Connectors & discovery¶
A connector emits DataNodes from a source system. Add them to the ledger and call
connect() — the cross-platform graph assembles itself from port matching. Three
factory connectors ship in core; anything else is a small protocol implementation.
SQL databases¶
from model_ledger import Ledger, sql_connector
ledger = Ledger.from_sqlite("./inventory.db")

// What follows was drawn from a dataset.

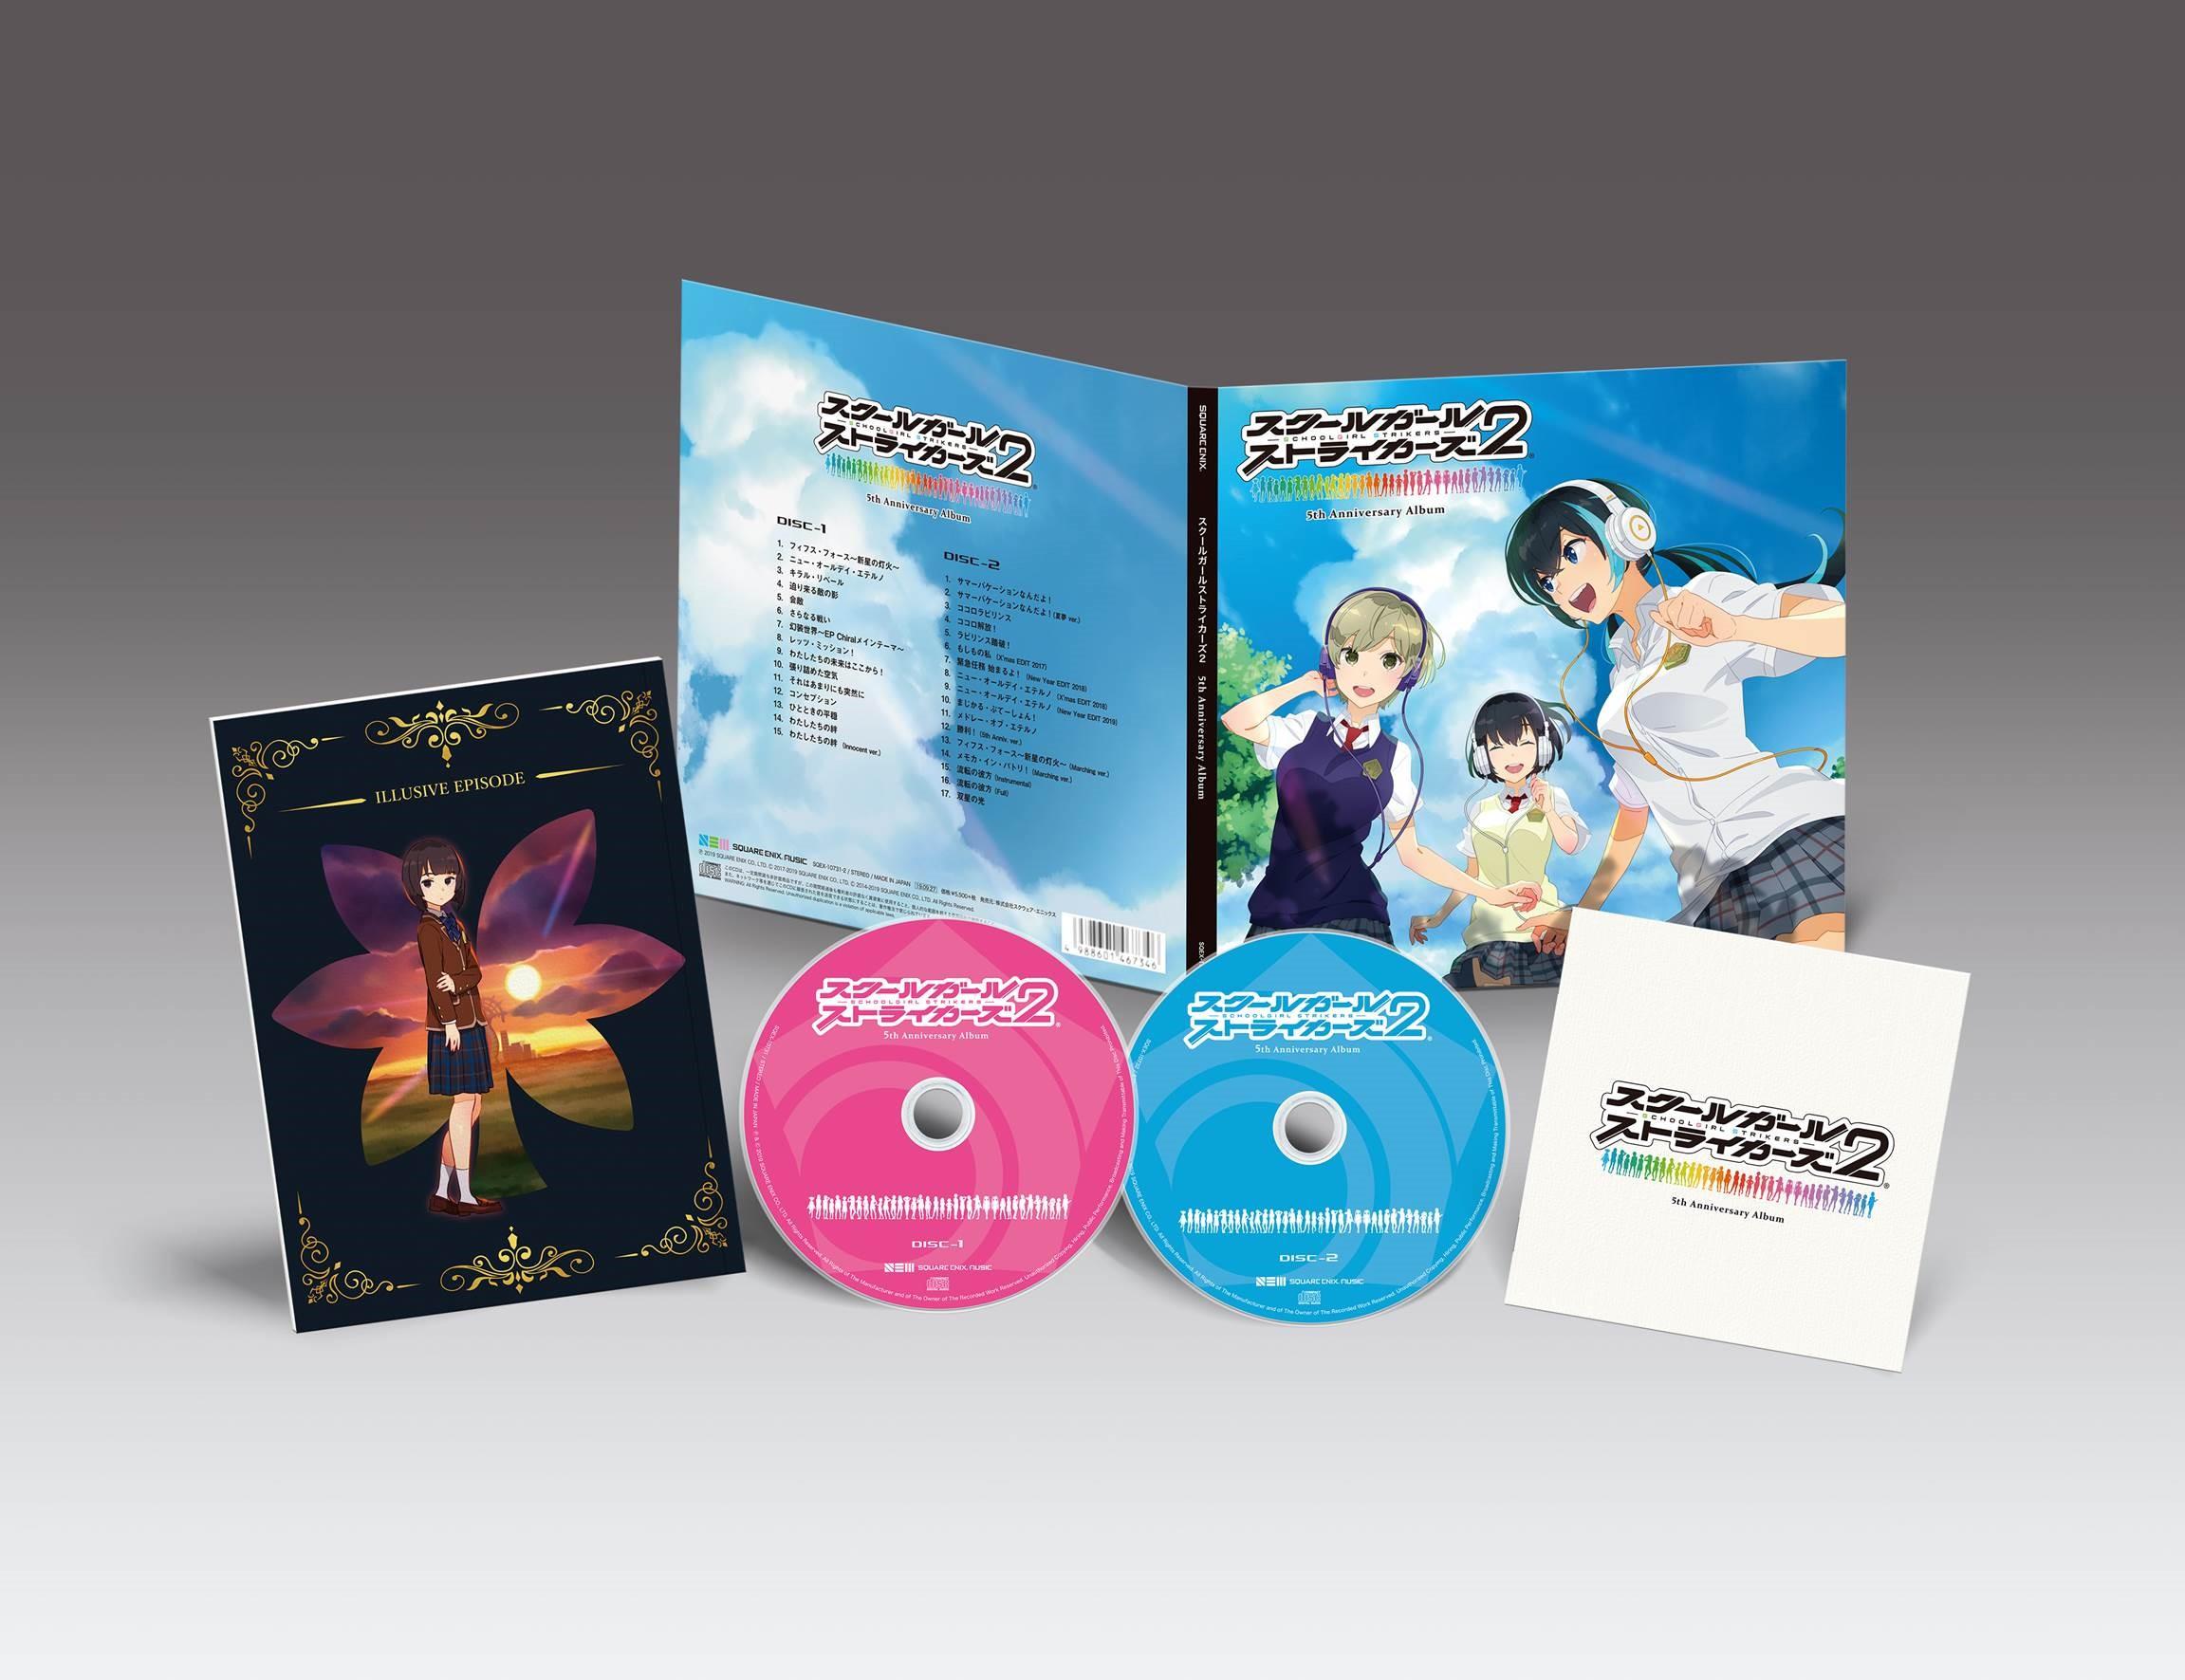 スクールガールストライカーズ25th Anniversary Album Line Up Square Enix Music Square Enix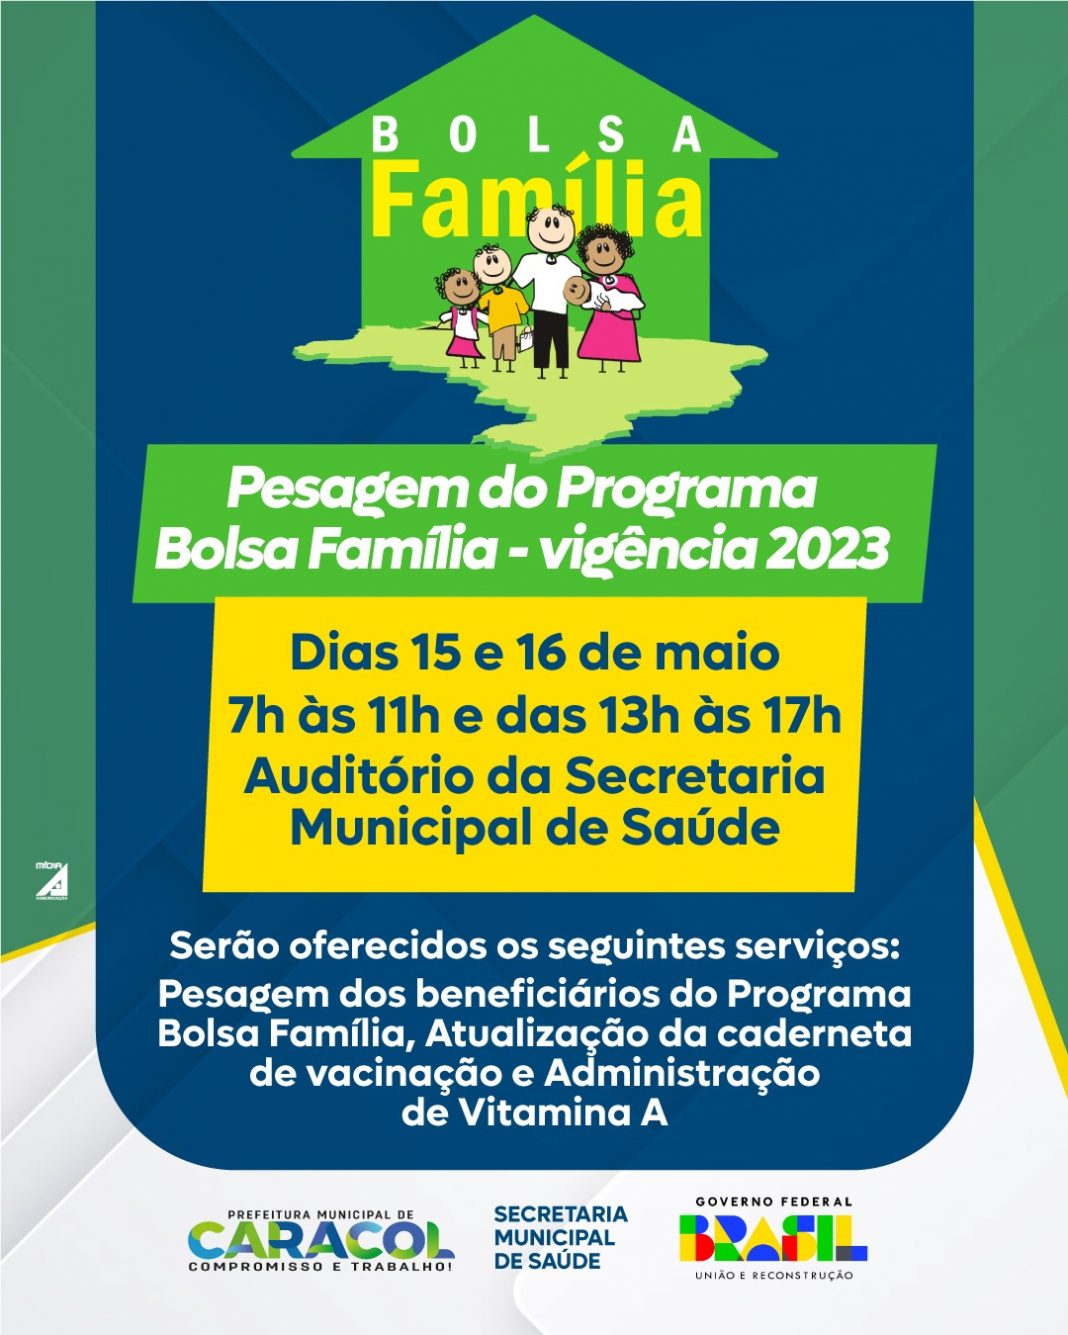 Prefeitura de Caracol realiza pesagem do programa Bolsa Família nos dias 15 e 16

# Simple: read a registry table
models = sql_connector(
name="model_registry",
connection=my_db,
query="SELECT name, owner, status FROM ml_models WHERE active = true",
name_column="name",
)
# Advanced: auto-parse SQL to extract table dependencies
etl_jobs = sql_connector(
name="etl_scheduler",
connection=my_db,
query="SELECT job_name, raw_sql, cron FROM scheduled_jobs",
name_column="job_name",
sql_column="raw_sql", # FROM/JOIN → inputs, INSERT/CREATE → outputs
)
ledger.add(models.discover())
ledger.add(etl_jobs.discover())
ledger.connect() # links ETL outputs to model inputs automatically
REST APIs¶
Works with MLflow, SageMaker, Vertex AI, or any JSON API:
from model_ledger import rest_connector
ml_models = rest_connector(
name="mlflow",
url="https://mlflow.internal/api/2.0/mlflow/registered-models/list",
headers={"Authorization": "Bearer ..."},
items_path="registered_models",
name_field="name",
)
ledger.add(ml_models.discover())
GitHub repos (pipelines-as-code)¶
Discover Airflow DAGs, dbt projects, or scoring pipelines from config files:
from model_ledger import github_connector
pipelines = github_connector(
name="ml_pipelines",
repos=["myorg/ml-scoring"],
token="ghp_...",
project_path="projects",
config_file="deploy.yaml",
parser=my_yaml_parser, # (project_name, file_content) -> DataNode
)
ledger.add(pipelines.discover())
Custom connectors¶
Implement the SourceConnector protocol — a name and a discover() returning
DataNodes — for anything the factories don't cover:
from model_ledger import DataNode
class SageMakerConnector:
name = "sagemaker"
def discover(self) -> list[DataNode]:
endpoints = boto3.client("sagemaker").list_endpoints()["Endpoints"]
return [
DataNode(ep["EndpointName"], platform="sagemaker",
outputs=[ep["EndpointName"]],
metadata={"status": ep["EndpointStatus"]})
for ep in endpoints
]
ledger.add(SageMakerConnector().discover())
ledger.connect()
Every connector is a growth event
Each new connector extends the discovery surface — a node in your warehouse links to a model in MLflow links to a queue in your alerting system, with no shared ID scheme. That's how one graph spans every platform.
Recurring discovery¶
Run connectors on a schedule (cron, Airflow, Prefect) writing to a shared backend.
add() is idempotent — it content-hashes nodes and skips unchanged ones — and a
last_seen timestamp is updated every run, so you can detect models that have gone
silent. See the recipe: Discover from a SQL registry.